FIG. 14 illustrates an image processing system 1400. The image processing system 1400 includes a capturing device 1405, an image processing apparatus 1410, and a database 1415. The image processing system 1400 may be capable of generating and applying one or more neural networks capable of performing multiple image processing tasks on an image processing apparatus 1410 with limited hardware resources (e.g., limited processor or memory resources). The image processing apparatus 1410 may be an example of the image processing apparatus described with reference to FIGS. 1-13, and may perform the methods described herein.

In some examples, the capturing device 1405 may be a digital camera, surveillance camera, webcam, etc. The capture device may be used to capture a visible light image and send that captured, visible light image to the image processing apparatus 1410. The capture device may also be used to capture one or more infrared images and send the captured, infrared images to the image processing apparatus 1410. The visible light image and the one or more infrared images may make up an input image set.

In some examples, the image processing apparatus 1410 may be a computer or a smartphone. The image processing apparatus 1410 may also be a digital camera, surveillance camera, webcam, or any other suitable apparatus that has a processor for performing image processing.

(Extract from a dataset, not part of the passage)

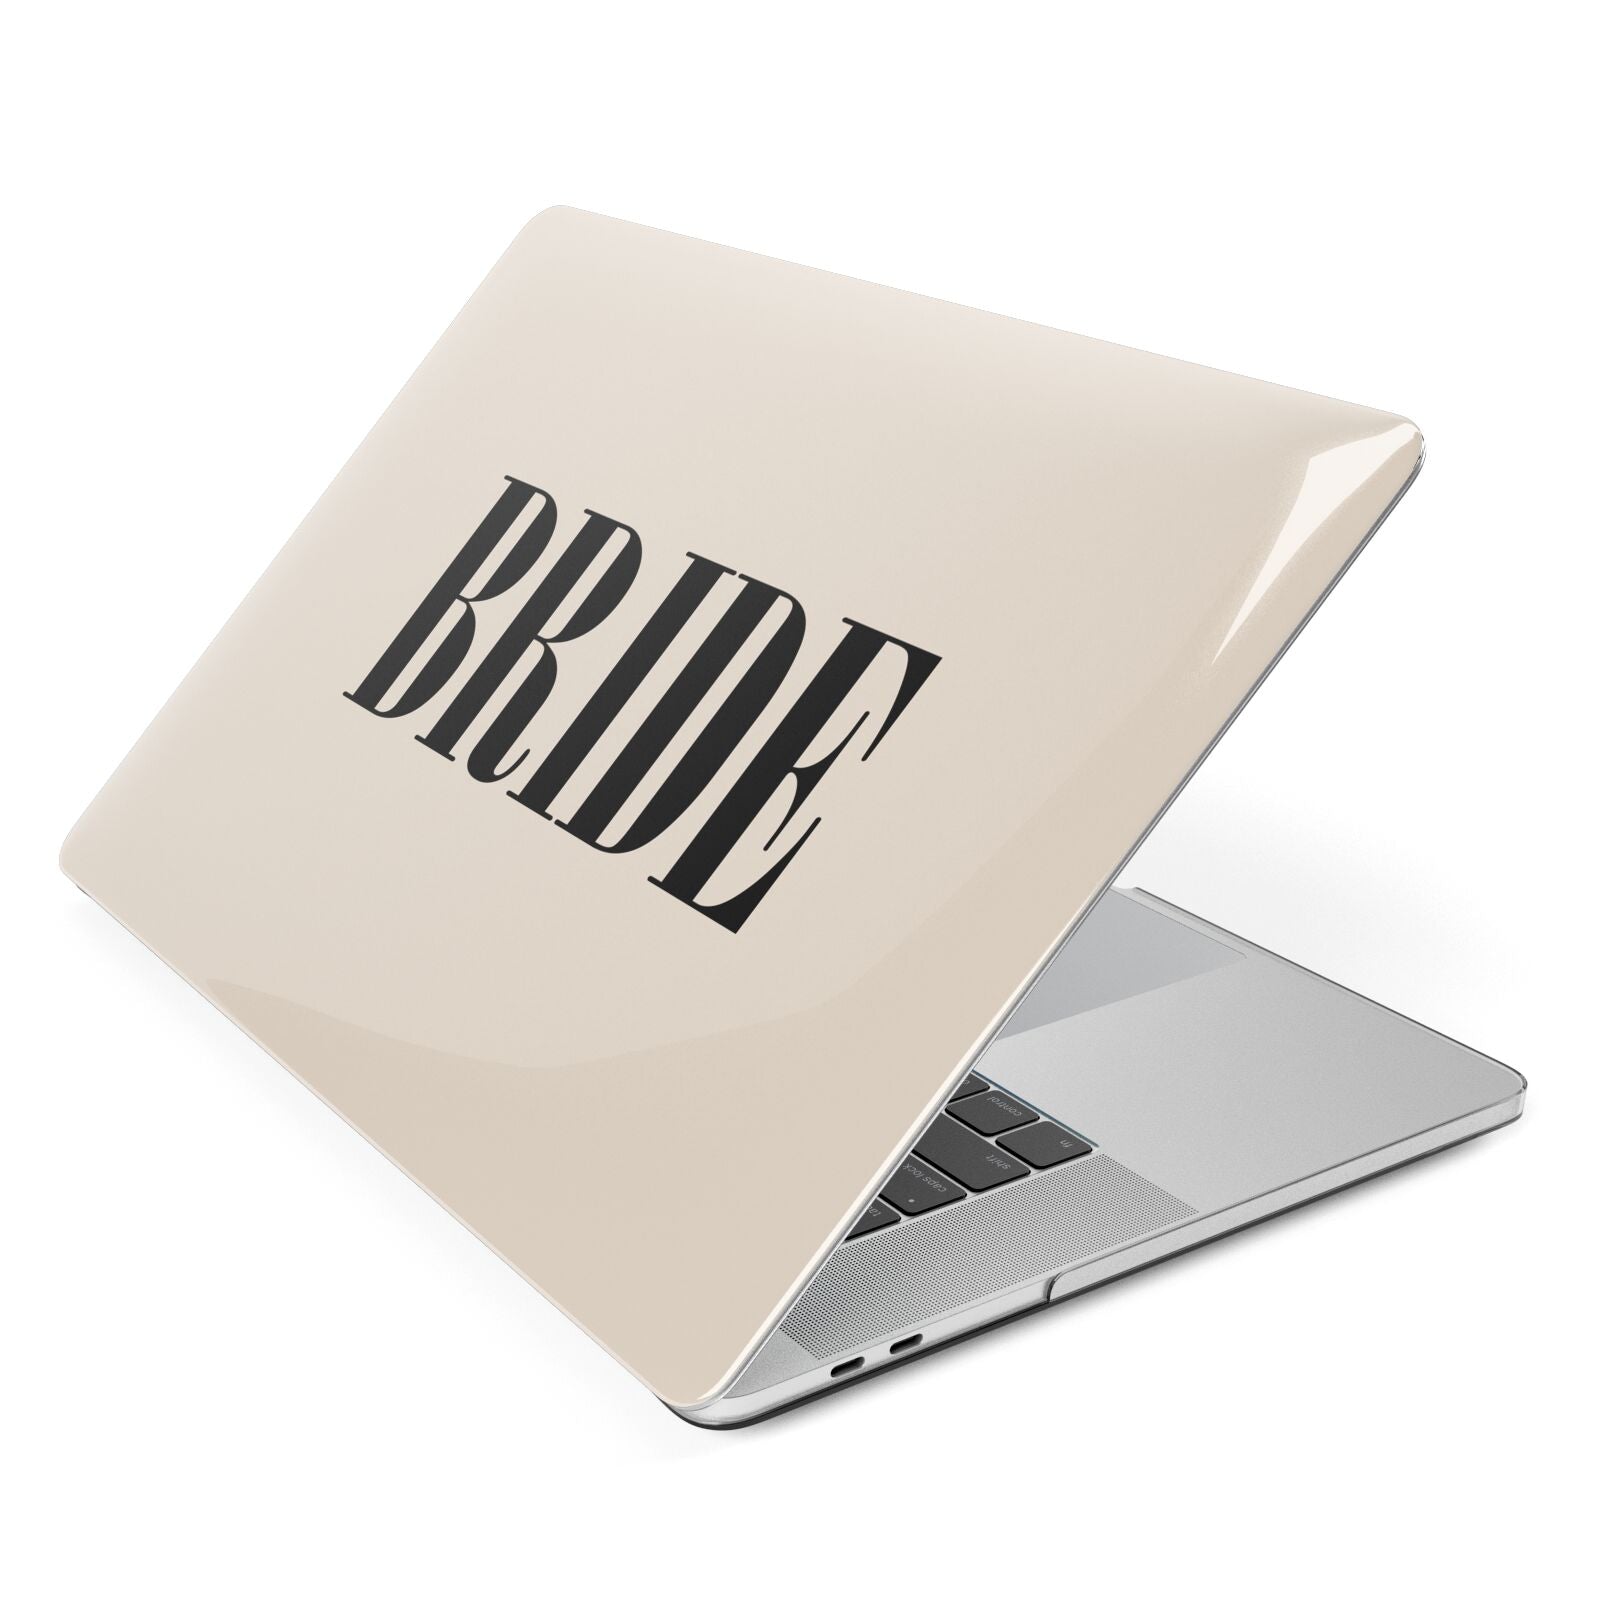 Future Bride Apple MacBook Case Side View
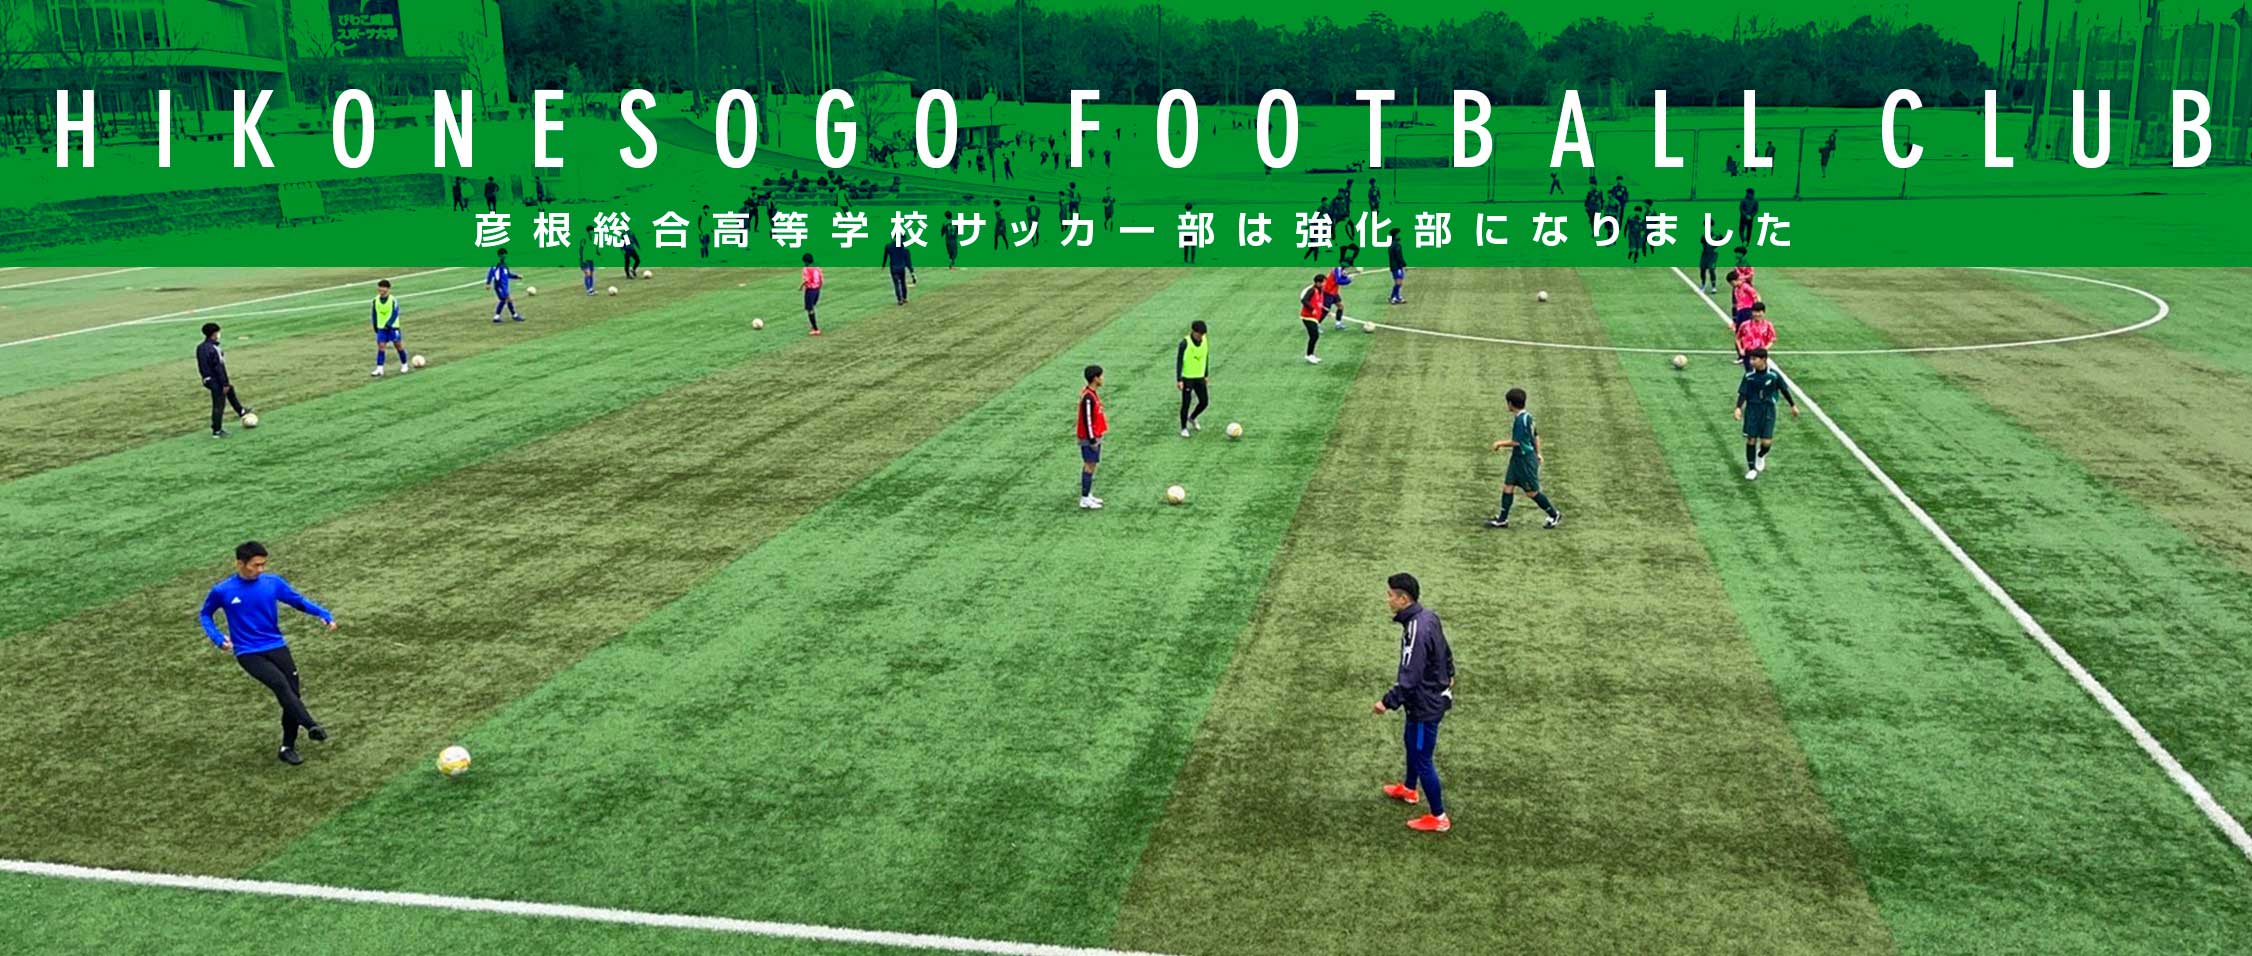 彦根総合高等学校サッカー部

A processor may be an intelligent hardware device, (e.g., a general-purpose processing component, a digital signal processor (DSP), a central processing unit (CPU), a graphics processing unit (GPU), a microcontroller, an application specific integrated circuit (ASIC), a field programmable gate array (FPGA), a programmable logic device, a discrete gate or transistor logic component, a discrete hardware component, or any combination thereof). In some cases, the processor is configured to operate a memory array using a memory controller. In other cases, a memory controller is integrated into the processor. In some cases, the processor is configured to execute computer-readable instructions stored in a memory to perform various functions. In some embodiments, a processor includes special purpose components for modem processing, baseband processing, digital signal processing, or transmission processing.

The processor may execute software. Software may include code to implement aspects of the present disclosure. Software may be stored in a non-transitory computer-readable medium such as memory or other system memory. In some cases, the software may not be directly executable by the processor but may cause a computer (e.g., when compiled and executed) to perform functions described herein.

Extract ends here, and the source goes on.